Большим шагом на пути к более эффективному управлению данными стало появление оцифровки — перевода аналоговой информации в доступную для чтения на компьютерах, что упрощало и удешевляло ее хранение и обработку. Это значительно повысило эффективность. То, на что раньше уходили годы сбора и вычисления, теперь выполнялось за несколько дней, а то и быстрее. Но, кроме этого, мало что изменилось. Люди, занимающиеся анализом данных, были слишком погружены в аналоговую парадигму, предполагая, что наборы данных имели единственное предназначение, в котором и заключалась их ценность. Сама технология закрепила этот предрассудок. И хотя оцифровка важнейшим образом способствовала переходу на большие данные, сам факт существования компьютеров не обеспечил этот переход.

Трудно описать нынешнюю ситуацию существующими понятиями. Для того чтобы в целом очертить изменения, воспользуемся датификацией (data-ization) — концепцией, с которой познакомим вас в пятой главе. Речь идет о преобразовании в формат данных всего, что есть на планете, включая то, что мы никогда не рассматривали как информацию (например, местоположение человека, вибрации двигателя или нагрузку на мост), путем количественного анализа. Это открывает перед нами новые возможности, такие как прогнозный анализ. Он позволяет обнаружить, например, что двигатель вот-вот придет в неисправность, исходя из его перегрева или производимых им вибраций. В результате мы можем открыть неявное, скрытое значение информации.

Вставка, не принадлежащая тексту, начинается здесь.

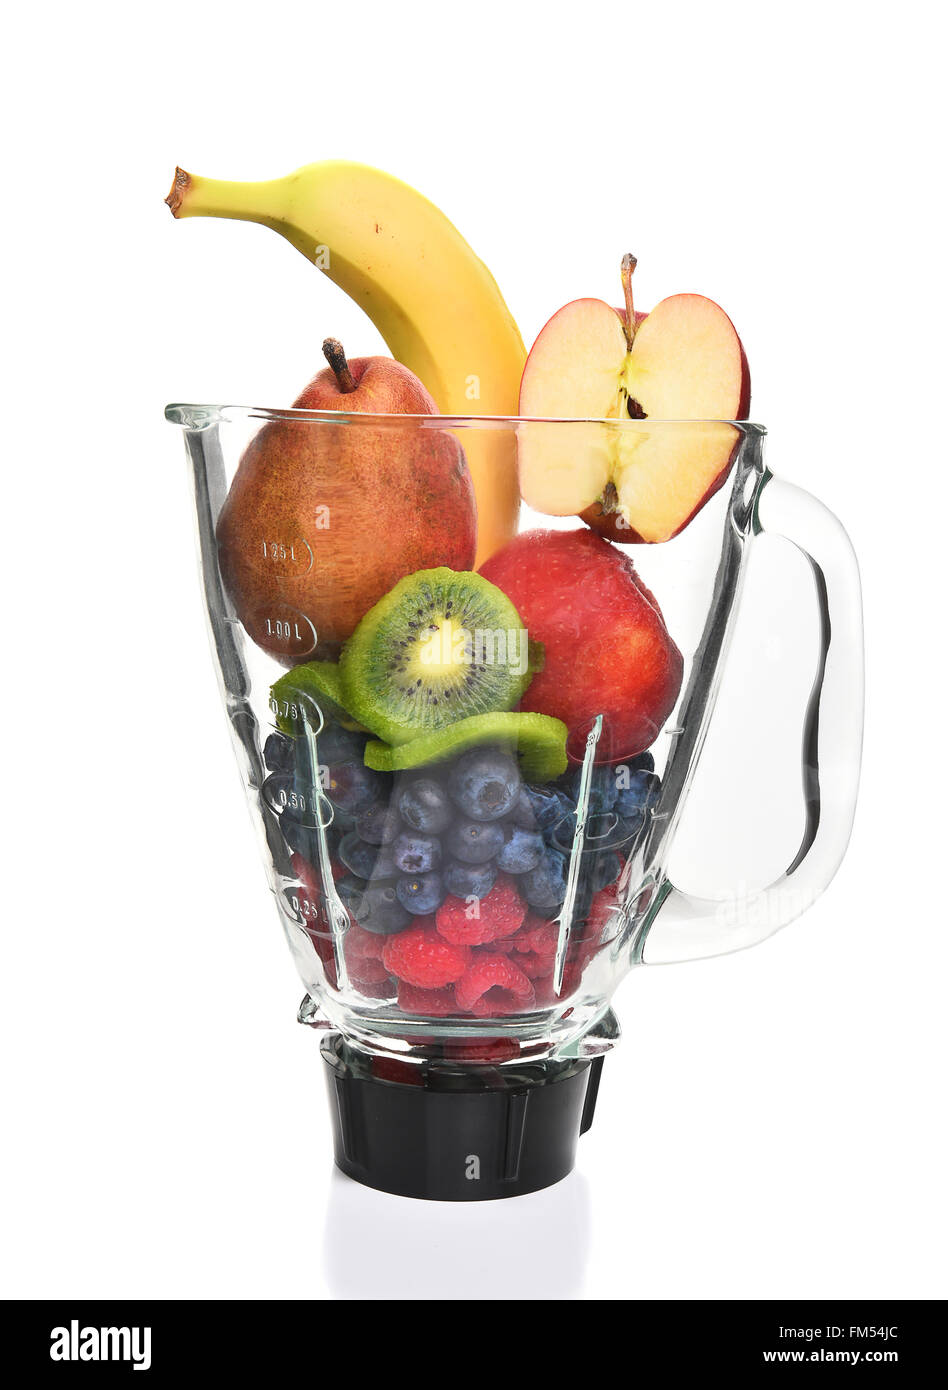 A blender filled with fresh whole fruits for making a smoothie or juice. Healthy eating concept. Stock Photo

Полным ходом ведется «поиск сокровищ» — извлечение ценных идей из данных и раскрытие их потенциала путем перехода от причинности к корреляции. Это стало возможным благодаря новым техническим средствам. Но сокровища заключаются не только в этом. Вполне вероятно, что каждый набор данных имеет внутреннюю, пока еще не раскрытую ценность, и весь мир стремится обнаружить и заполучить ее.

Большие данные вносят коррективы в характер бизнеса, рынков и общества, о которых подробнее мы поговорим в шестой и седьмой главах. В ХХ веке особое значение придавалось не физической инфраструктуре, а нематериальным активам, не земле и заводам, а интеллектуальной собственности. Сейчас общество идет к тому, что новым источником ценности станет не мощность компьютерного оборудования, а получаемые им данные и способ их анализа. Данные становятся важным корпоративным активом, жизненно важным экономическим вкладом и основой новых бизнес-моделей. И хотя данные еще не вносятся в корпоративные балансовые отчеты, вероятно, это вопрос времени.

Несмотря на то что технологии обработки данных появились некоторое время назад, они были доступны только агентствам по шпионажу, исследовательским лабораториям и крупнейшим мировым компаниям. Walmart и CapitalOne первыми использовали большие данные в розничной торговле и банковском деле, тем самым изменив их. Теперь многие из этих инструментов стали широкодоступными.

Эти изменения в большей мере коснутся отдельных лиц, ведь в мире, где вероятность и корреляции имеют первостепенное значение, специальные знания менее важны. Узкие специалисты останутся востребованными, но им придется считаться с большими данными. Помните, как в фильме «Человек, который изменил всё»: на смену бейсбольным скаутам пришли специалисты по статистике, а интуиция уступила место сложной аналитике. Нам придется пересмотреть традиционные представления об управлении, принятии решений, человеческих ресурсах и образовании.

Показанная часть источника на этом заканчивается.